But now tragedy had given it distinction; had painted
that straggling frontier hamlet over with such colors that the picture
of it is going to live in my memory as long as I do live. At the upper
end of the single street, like an outpost, stood an old chateau, the
seat, no doubt, of the local gentry, with a small park of beeches and
elms round it; and here, right at the park entrance, we had our first
intimation that there had been a fight. The gate stood ajar between its
chipped stone pillars, and just inside the blue coat of a French cavalry
officer, jaunty and new and much braided with gold lace on the collar
and cuffs, hung from the limb of a small tree. Beneath the tree were a
sheaf of straw in the shape of a bed and the ashes of a dead camp fire;
and on the grass, plain to the eye, a plump, well-picked pullet, all
ready for the pot or the pan.
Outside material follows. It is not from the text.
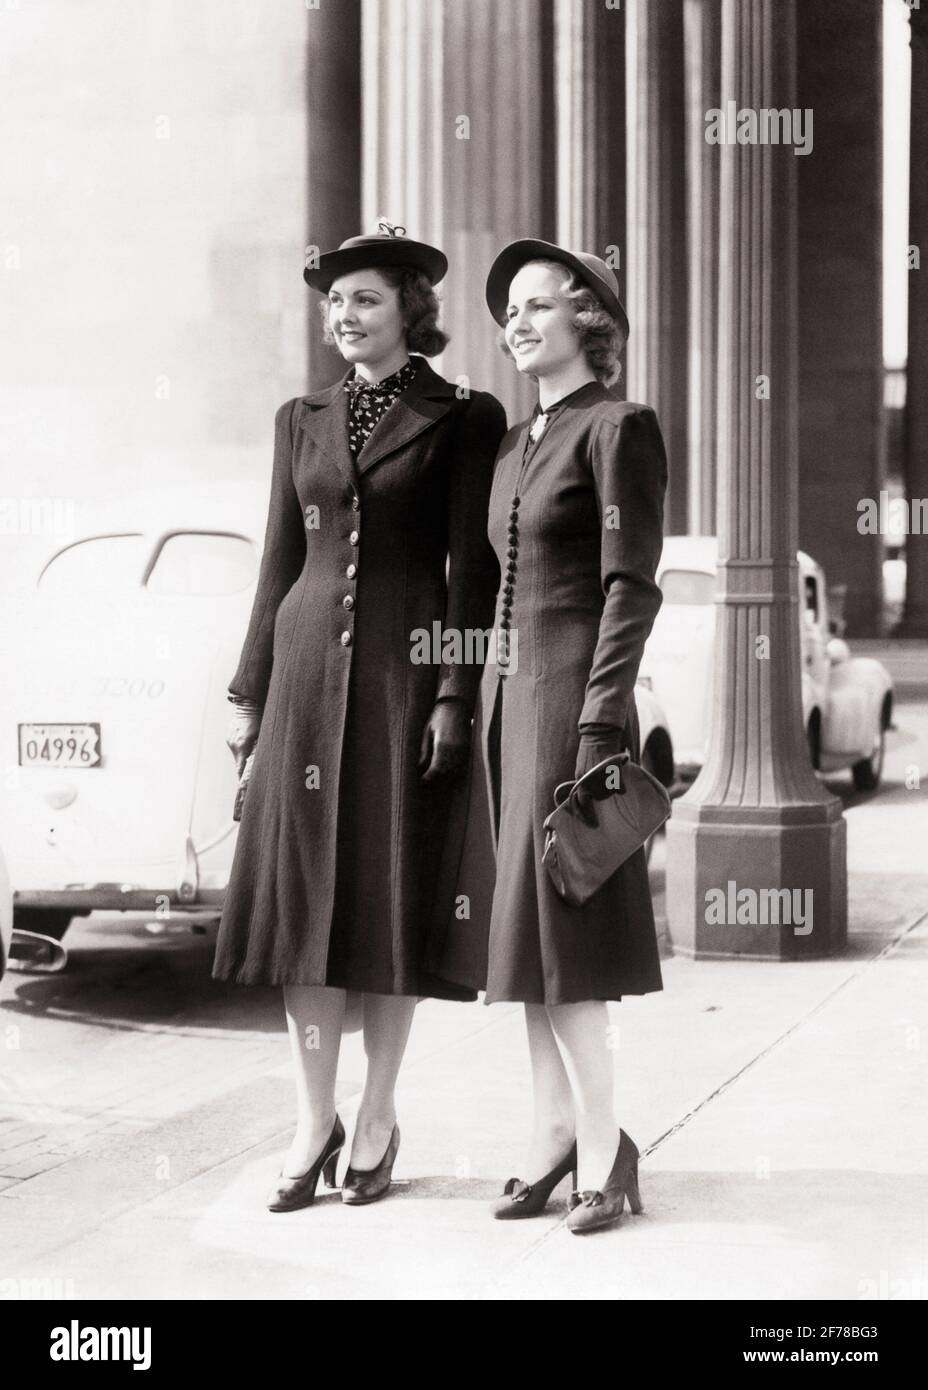 1940s Utility Clothing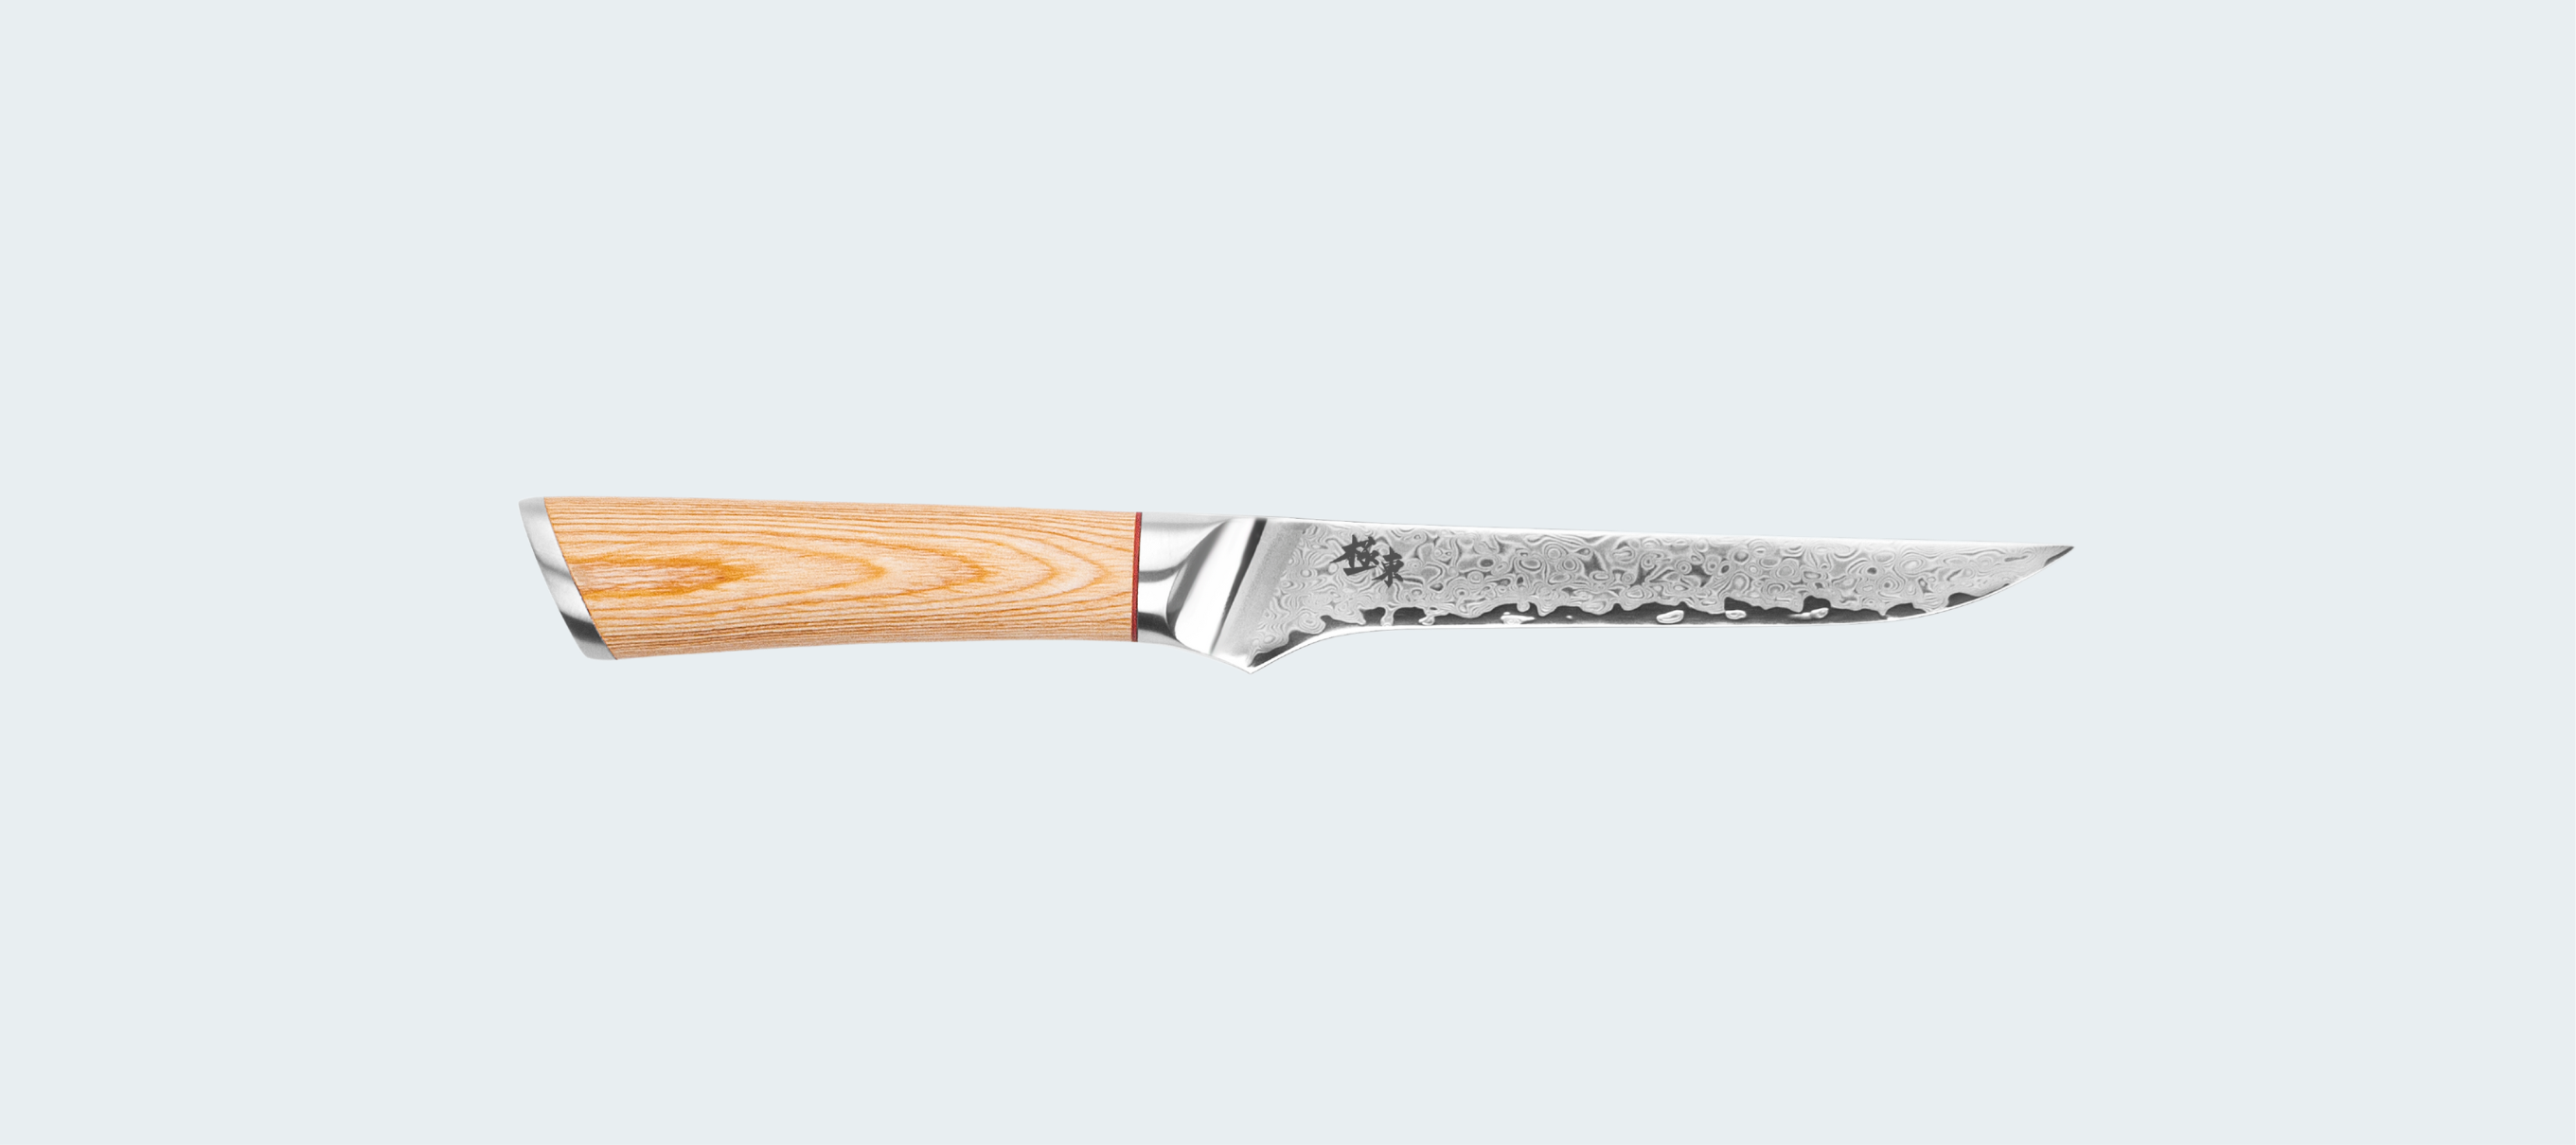 Cuchillo de Chef de cocina de acero de Damasco, cuchillo japonés  profesional para carne, pescado, rebanado

Looking on past these things we saw much
scattered dunnage: Frenchmen's knapsacks, flannel shirts, playing cards,
fagots of firewood mixed together like jackstraws, canteens covered with
slate-blue cloth and having queer little hornlike protuberances on their
tops--which proved them to be French canteens--tumbled straw, odd shoes
with their lacings undone, a toptilted service shelter of canvas; all
the riffle of a camp that had been suddenly and violently disturbed.